My camera ... my life and my love ... was my Aladdin’s lamp.* (Weegee)
Weegee (Arthur Felig), a poor immigrants’ son turned famous New York photographer was well aware of the allure and effectiveness of transformation. Apparently, he used to change the captions of his photographs, recycling his images with new stories in order to sell them on to different publications.** He understood that the image could stay the same, however perception of the image could be changed again and again to create new possibilities for his viewers – and ultimately, profit for himself. For Weegee, appearances and meanings were slippery, interchangeable and endless.
Like Weegee, Mary MacDougall is interested in the translation of photographic images, and shares his appreciation for strange displays of theatricality.
Earlier this year MacDougall painted a series of images of Phil Spector during his notorious 2008 court appearances where he dressed in ridiculous, almost cartoon-like attire. There was something fascinating in the way that he presented himself – each outfit displayed effort, imagination and high regard for appearances and while his costume changed, his strangely blank expression seemingly never did. It wasn’t so much his crime or persona that interested the artist, but the weirdly appealing spectacle of his continual transformation.†
Transformation and translation are key ideas explored in MacDougall’s practice. Her paintings are based on photographs that she finds, often in online newspapers, or on photographs that she takes herself. With pieces of textured glass placed over the lens of her camera, MacDougall has taken photographs of friends making strange shapes with their bodies, as well as strangers on the street. From images where the singular perspective of the lens has been disrupted by undulating, patterned glass, strange shapes appear. These forms are then translated into paintings and through this painting process a series of inversions and contradictions become apparent.
By painting onto glass, an understanding of linear progression is gently confused; all of the marks made by MacDougall are visible and equal – from an initial sketch to the filling in of the work with smudges of colour made unpredictable due to the slippery nature of oil on glass. There is no painting ‘over’ something, but as the artist pointed out, the paint can be easily scraped off, making the process both fragile and simple – the artist has less to lose and more to play with when there’s an inherent experience of chance and when unwanted marks can bevanished.‡
The works offer countless possibilities. As paintings, they mimic photography as to look at through the smooth surface of glass, like the lens of a camera or a computer screen, albeit without a frame, which only heightens a feeling of fleeting light and spaciousness. Using glass gives the artist the opportunity to make tracings or prints in endless reproductions. The paintings can also be viewed as sculptural objects, displayed on neat, white shelves suggestive of an exhibit.
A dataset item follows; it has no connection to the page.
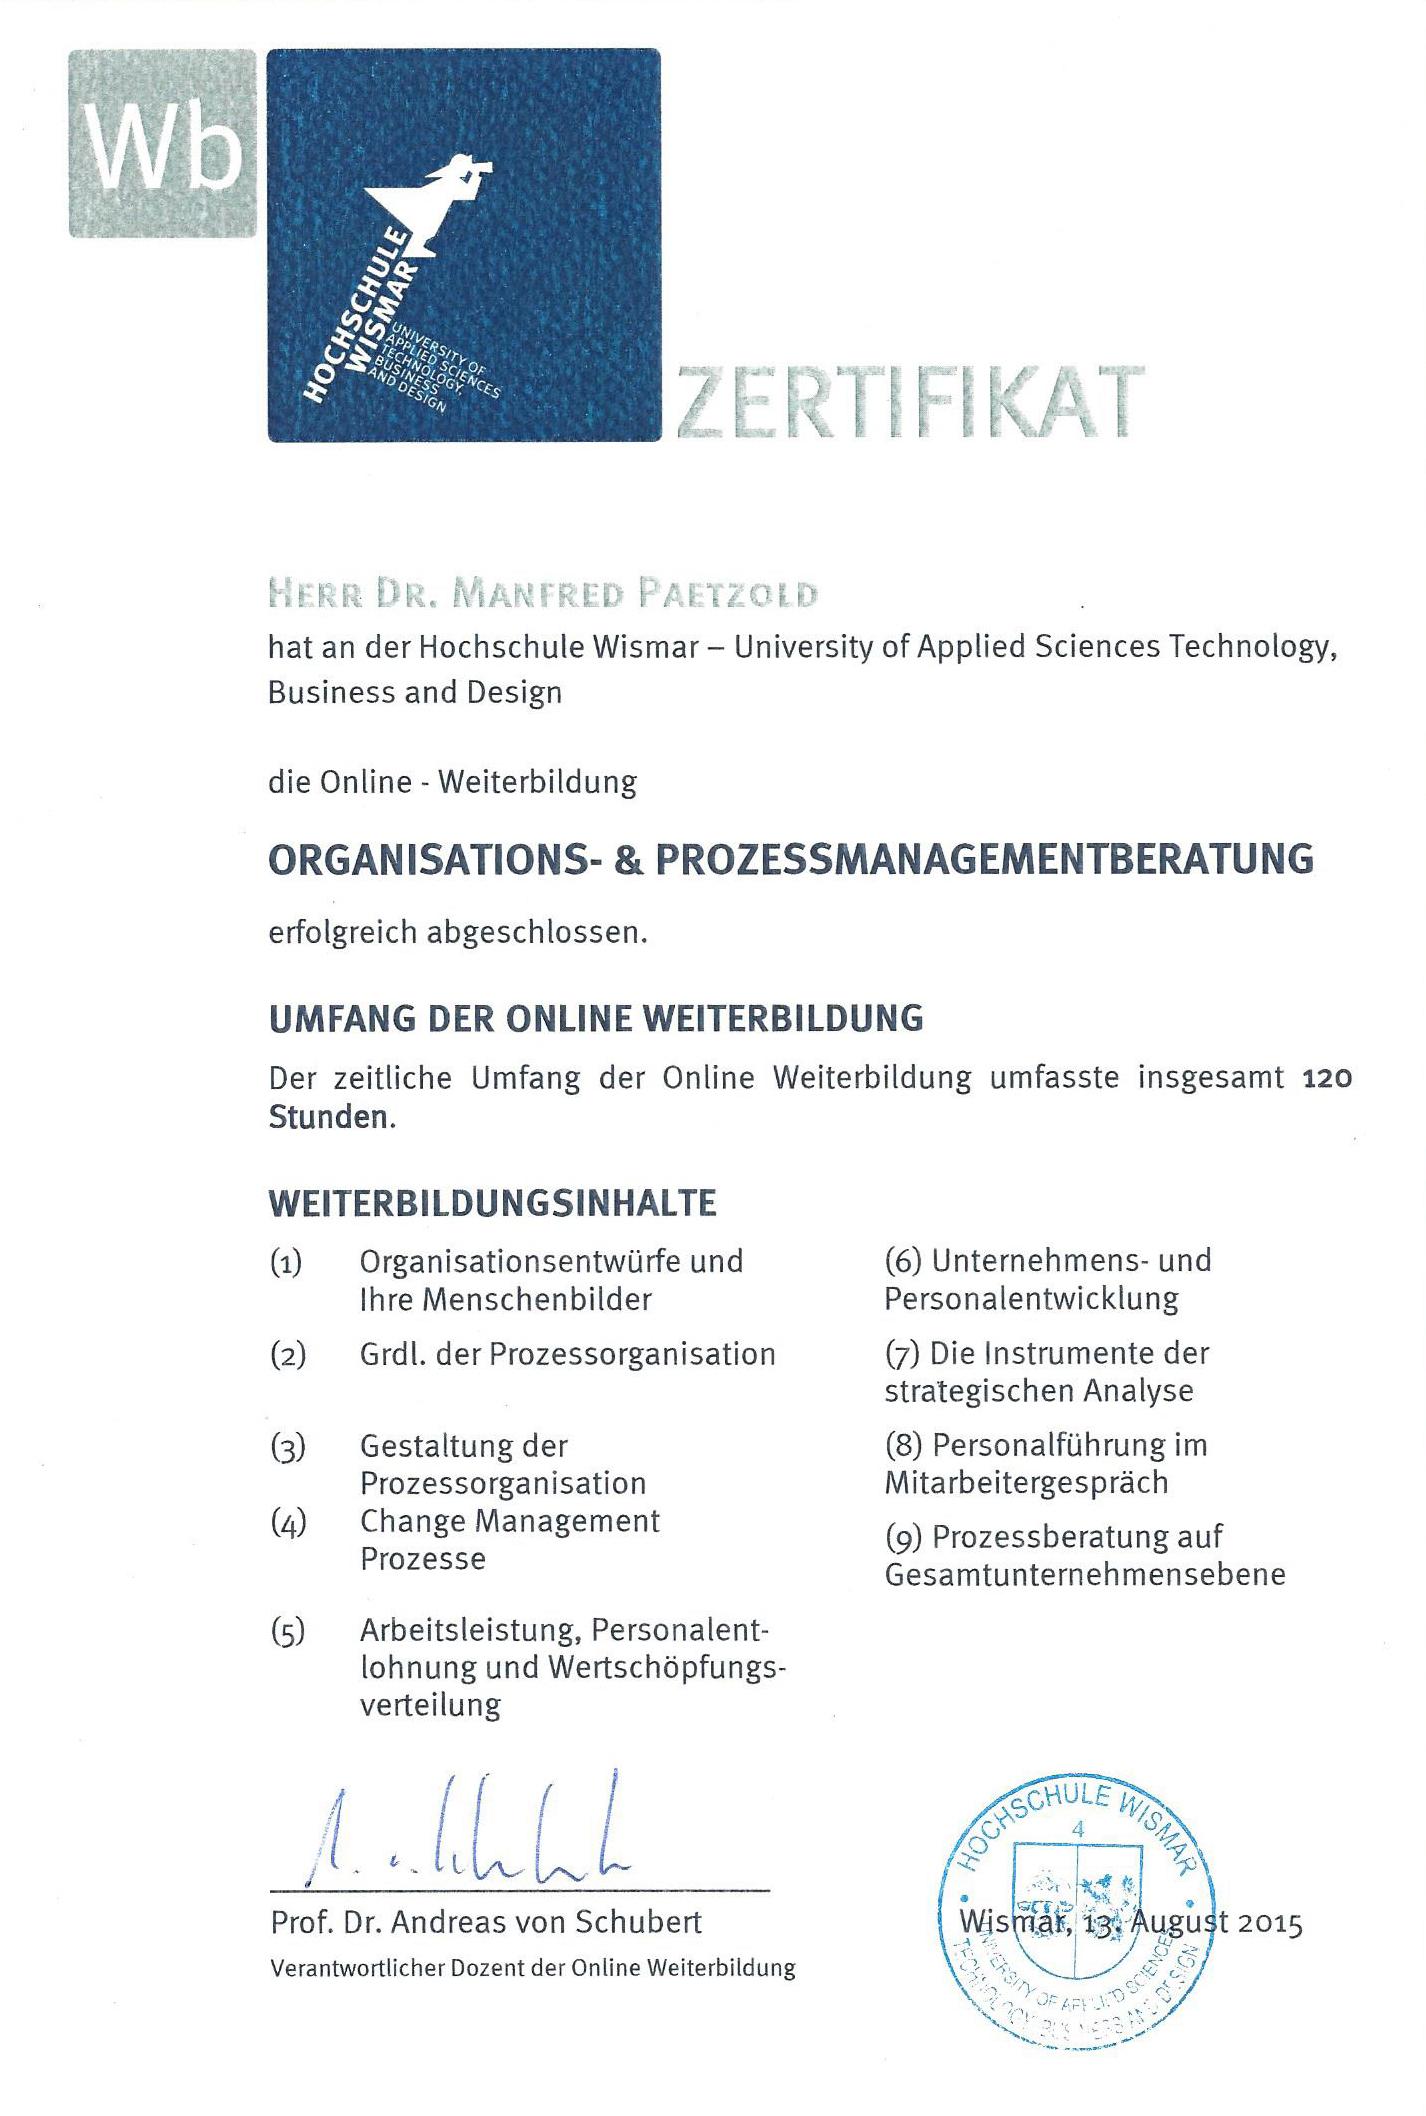 Zertifikat HS Wismar 2015

This element of display or theatre is an important aspect of MacDougall’s work. There’s the strange comedy and performance of Phil Spector in costume at his court appearances; the hand-made, rizo-copied poster, titled Circular Quay Performance (2009); the paintings of a distorted boat – a lonely vessel for adventure or the stage for rich-playthings posing, and the image reproduced in the exhibition catalogue of the artist’s brother dressed wearing all of her jewellery – a ridiculous or perhaps banal moment of sibling shenanigans that suggests or recognises that photographic images are staged, ridiculous and magic things and that there’s a fine line between mundanity and wonder.
* Arthur Felig, Weegee by Weegee: An Autobiography, New York: Ziff-Davos Publishing Company, 1961, p. 52 ** Virginia Heckert, ‘Weegee’s Story’, Weegee’s Story: From the Berinson Collection, Museum of Modern Art, Oxford, 1999 † Phil Spector is an American music producer and songwriter, known for his pioneering production technique and work
with 1960’s girl groups and artists including The Beatles, the Ramones and Leonard Cohen. At points in his career he became reclusive and threatening – drawing weapons on women and musicians he was involved with. In 2003, actress Lana Clarkson was shot in his home, and in 2009, after two court cases (one of which was televised), Spector was charged with her murder, although claimed to be innocent.